1. Pay particular attention to row 5, where the `date` is `2018-01-03` and `origin` is `2018-01-01`. This row illustrates how AMLPF's defition of `Lag1` handles multi-step forecasts: 
  * A naive application of the lag operation would suggest that the value of `sales_lag1` for that row should be value of `sales` from `2018-01-02` - this is, after all, the value from one day prior to the date being forecasted.
  * The above naive interpretation would make us use `NaN` value instead of `1`, because on `2018-01-01` value of sales on `2018-01-02` is not yet known.
  * Instead, we fall back to our definition: _the value of `lag1` is the most recent value that is known to us at the time of constructing the forecast_. The most recent value of `sales` known on `2018-01-01` is `1`, which is what we use.
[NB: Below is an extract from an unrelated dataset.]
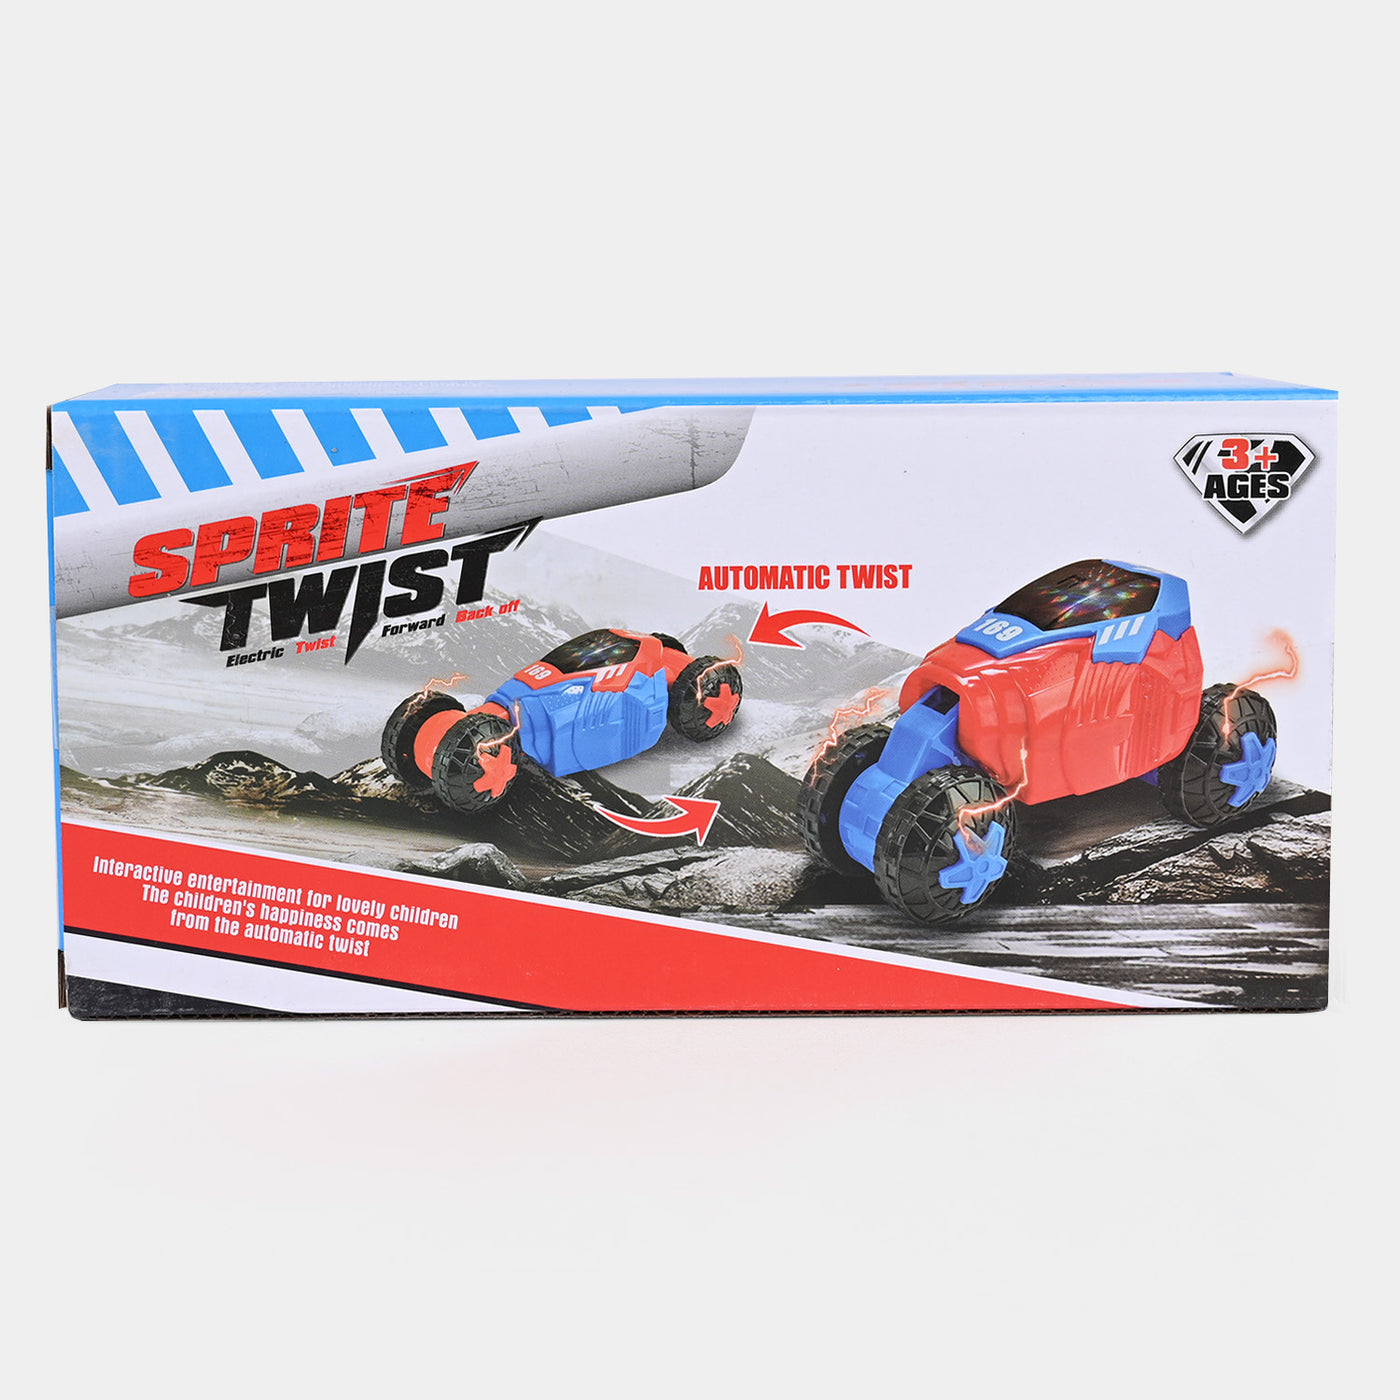 Stunt Car With Light & Music For Kids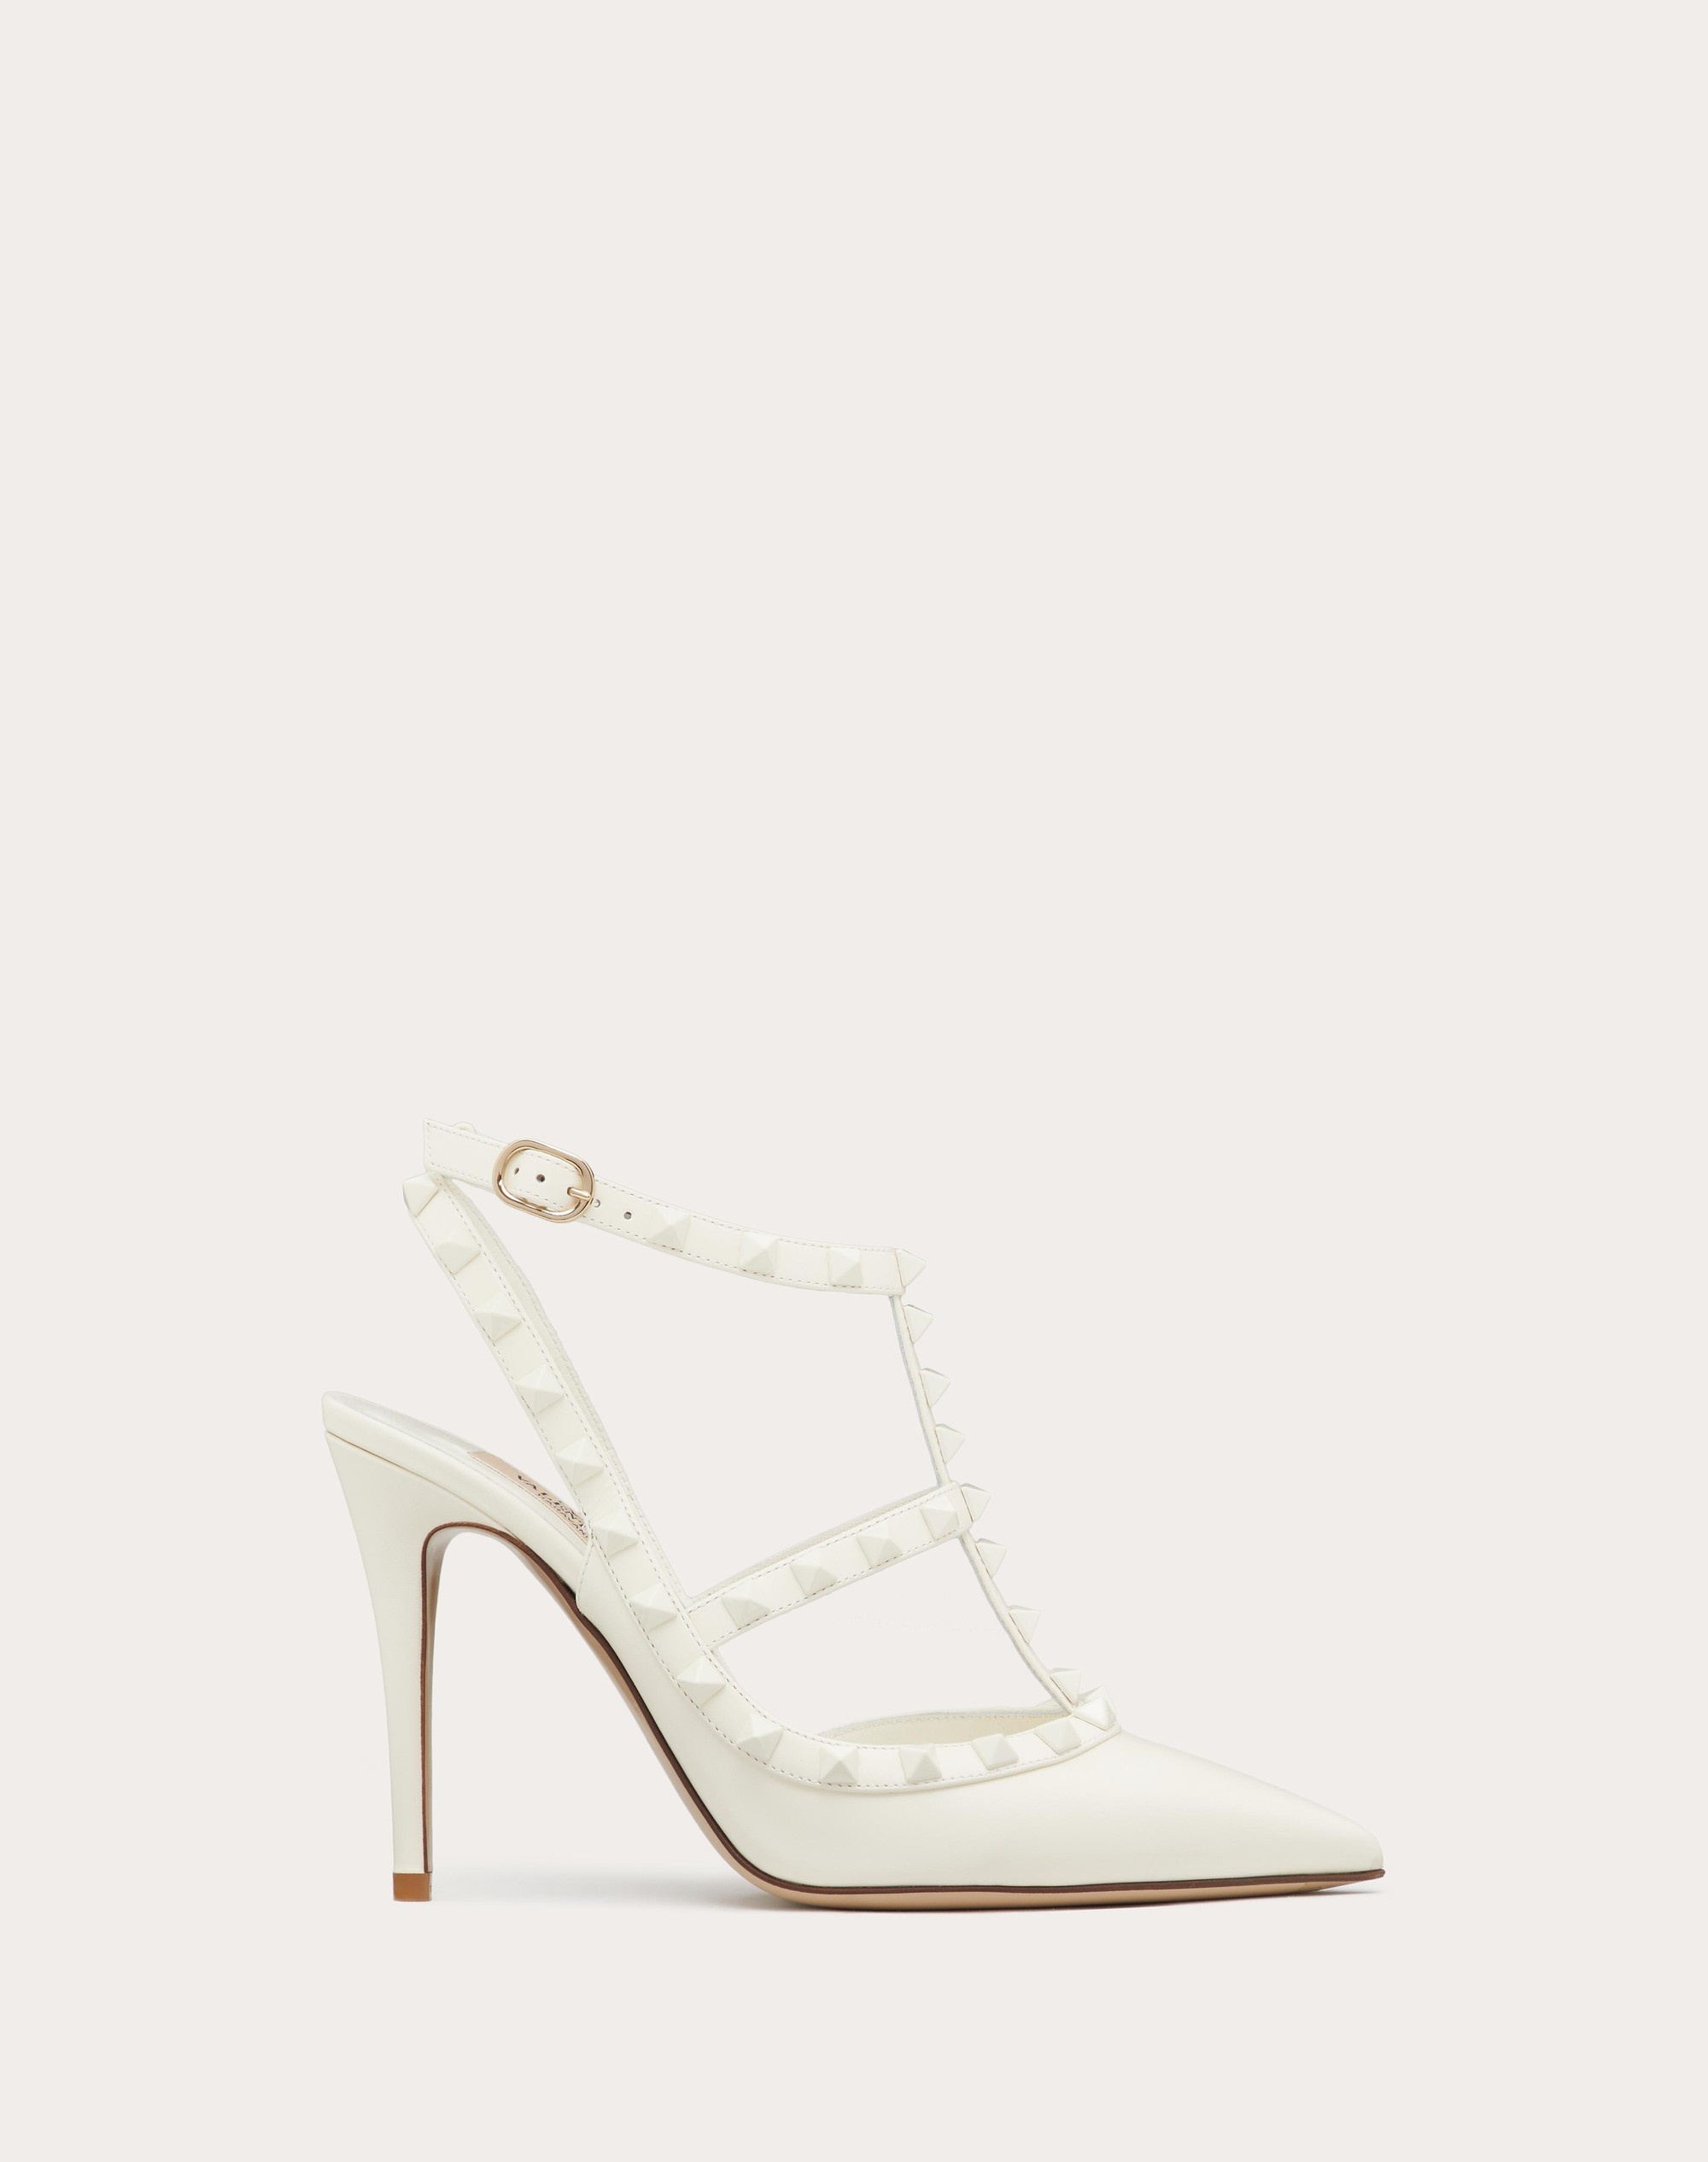 ROCKSTUD ANKLE STRAP PUMP WITH TONAL STUDS 100 MM

## Caching example with train/test split
In a typical data science scenario, the training-testing data split happens randomly, because all records are interchangeable. In time series, this is a recipe for overfitting, and splits have to be done by time, with older data being in the training set, and newer data in the test set.
This creates a subtle issue with featurizers such as lags: you need to use some values from the training data to "patch the holes" in the testing data. AMLPF handles this automatically for you.
The following example illustrates the problem:


In [5]:
train_tsdf = tsdf.iloc[0:2, :]
train_tsdf

Unnamed: 0_level_0,Unnamed: 1_level_0,sales
date,brand,Unnamed: 2_level_1
2018-01-01,A,1.0
2018-01-02,A,2.0


In [6]:
test_tsdf  = tsdf.iloc[2:3, :]
test_tsdf

Unnamed: 0_level_0,Unnamed: 1_level_0,sales
date,brand,Unnamed: 2_level_1
2018-01-03,A,3.0


We will compute `sales_lag1` via built-in `pandas` method `shift()` first:

In [7]:
naive_lag_train = train_tsdf.shift(1)
naive_lag_train.columns = ['sales_lag1']
naive_lag_train

Unnamed: 0_level_0,Unnamed: 1_level_0,sales_lag1
date,brand,Unnamed: 2_level_1
2018-01-01,A,
2018-01-02,A,1.0


In [8]:
naive_lag_test = test_tsdf.shift(1)
naive_lag_test.columns = ['sales_lag1']
naive_lag_test

Unnamed: 0_level_0,Unnamed: 1_level_0,sales_lag1
date,brand,Unnamed: 2_level_1
2018-01-03,A,


This is not what we wanted, but `pandas` did exactly what we asked it to do. Operations on the test data frame have no knowledge of the training data and the holes cannot be "patched". 
Now let us do the same thing with `LagLeadOperator()`.

In [9]:
lag_with_split = LagLeadOperator(lags_to_construct={'sales': 1})
lag_with_split.fit(train_tsdf)
lag_with_split.transform(train_tsdf)

Unnamed: 0_level_0,Unnamed: 1_level_0,Unnamed: 2_level_0,sales,sales_lag1
date,brand,origin,Unnamed: 3_level_1,Unnamed: 4_level_1
2018-01-01,A,2017-12-31,1.0,
2018-01-02,A,2018-01-01,2.0,1.0


In [10]:
lag_with_split.transform(test_tsdf)

Unnamed: 0_level_0,Unnamed: 1_level_0,Unnamed: 2_level_0,sales,sales_lag1
date,brand,origin,Unnamed: 3_level_1,Unnamed: 4_level_1
2018-01-03,A,2018-01-02,3.0,2.0


Now this is the result we wanted! And the training data frame was also handled correctly!